Since the last Ice Age, Scandinavia has experienced two almost total population turnovers. The most recent great migration is still clearly visible in our present-day gene pool. This is shown in a new study published in Nature that a number of archaeologists from the University of Gothenburg participated in.
The study 100 Ancient Genomes Show Repeated Population Turnovers in Neolithic Age Denmark is one of four articles published simultaneously in the journal Nature based on analyses of DNA and dietary markers from 100 tooth and bone remains found in Denmark.
The skeletons originate from a period of 7,300 years, ranging from the Mesolithic, Neolithic, and early Bronze Age. The oldest remains belong to Koelbjerg Man, who was alive about 10,000 years ago.
“Previously it has been assumed that we Scandinavians were descended from hunters and gatherers from the Stone Age, but this assumption has now been completely overturned,” says Kristian Kristiansen, Professor of Archaeology at the University of Gothenburg, who led the study together with Eske Willerslev, Thomas Werge and Morten Allentoft from the University of Copenhagen.
Karl-Göran Sjögren and Bettina Schulz Paulsson, also from the University of Gothenburg, also participated in the study.
“What I have done is model the carbon-14 dating, to obtain a more precise dating of the Neolithic genes. With the carbon-14 modelling, we could, for example, narrow down that time period to around 1,000 years,” says Bettina Schulz Paulsson.
Herders
The analysis of the 100 prehistoric skeletons shows that our genetically closest relatives are in fact the Yamnaya people – a group of herders from the Pontic Steppe, a region that today includes Ukraine, southwest Russia and western Kazakhstan.
These people interbred to some extent with Eastern European peasant groups to form what is termed the Corded Ware complex. Groups of these people then migrated to northern Europe just under 5,000 years ago, during the younger Stone Age, and settled in Sweden, Norway and Denmark (in Denmark they were called the Single Grave culture and in Sweden the Battle Axe culture).
“Genetically, we are still more or less Yamnaya today,” Kristiansen says.
Two population turnovers
Another discovery concerns the changes in the population that have taken place since the last Ice Age in Scandinavia. The researchers have been able to show that a nearly complete population turnover has occurred twice within a period of just a thousand years.
The first occurred about 5,900 years ago, at the beginning of the archaeological era known as the Neolithic, or New Stone Age. When a farming people immigrated to Denmark, the hunter-gatherer and fisher population known as the Ertebølle culture disappeared completely.
The new culture consisted of farmers with genetic roots in the Middle East – in Anatolia, the Asian part of today’s Türkiye – who had to some extent mixed their genes with hunter-gatherers they encountered while travelling across Europe.

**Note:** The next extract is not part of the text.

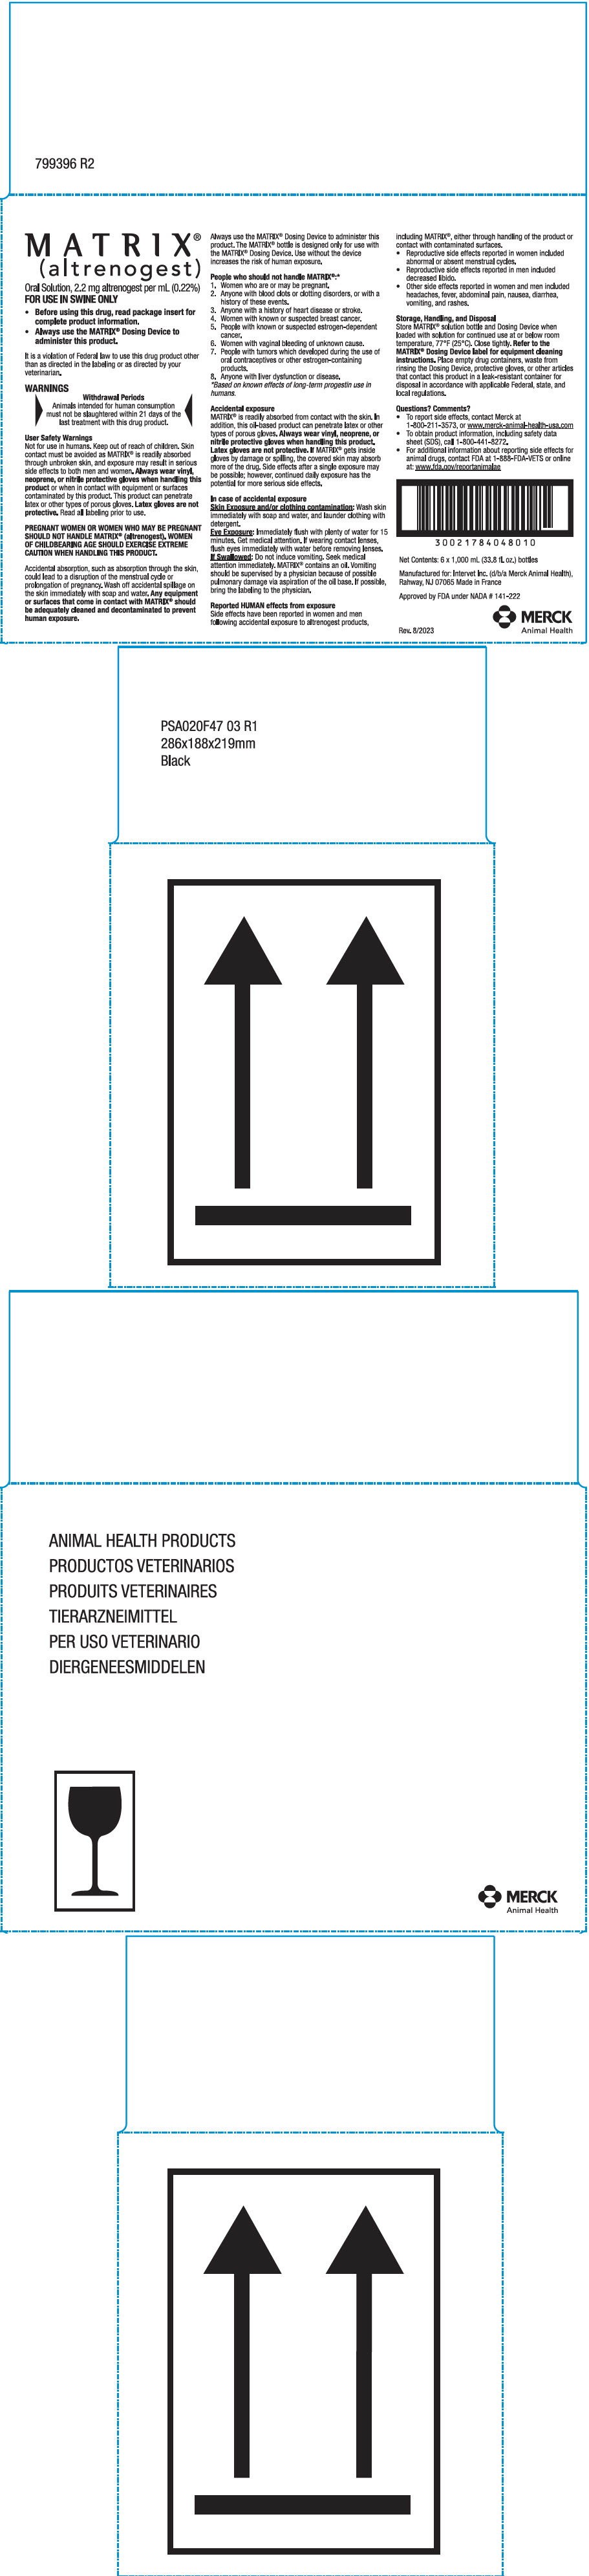 PRINCIPAL DISPLAY PANEL - 1000 mL Bottle Carton

It was this culture that introduced agriculture, and as farmers they ate a completely different diet to the hunter-gatherers that they displaced as the analyses of the prehistoric bone fragments show.
Then 5,000 years ago, the next population turnover occurred, when people of the Corded Ware culture, with their genetic background in Eastern Europe, entered the scene.
“Around 2800 BCE, people of the Corded Ware culture, also called the Single Grave culture, immigrated to Denmark,” says archaeologist Karl-Göran Sjögren.
Genes mixed by the women
It is unclear what happened to the Ertebølle population, but Kristian Kristiansen and Karl-Göran Sjögren each have slightly different hypotheses:
One is that they retreated to Norway and there they continued their hunting and fishing lifestyle, but that some may have isolated themselves in places of refuge where they survived for a few generations.
“Concerning the farming people, also called the Funnelbeaker culture, it appears that their women in particular married men from the immigrant groups, while the male genes from the Funnelbeaker culture population eventually disappeared entirely,” Kristiansen says.
“The analyses show that this was a violent clash of cultures because the Corded Ware people wiped out the farmers from Anatolia relatively quickly. Almost as effectively as when the Funnelbeaker culture had wiped out the hunters and gatherers 900 years earlier.
Two of the articles in Nature are related to the research project RISE II, which is funded by the Bank of Sweden Tercentenary Foundation (RJ) and is a collaboration between the Department of Historical Studies at the University of Gothenburg, the University of Copenhagen, and the Lundbeck Foundation GeoGenetics Centre. The other two articles in Nature on the Stone Age use material from the long-standing collaboration between the University of Gothenburg and the University of Copenhagen in the research projects RISE I and RISE II. This was a collaboration that began in 2011.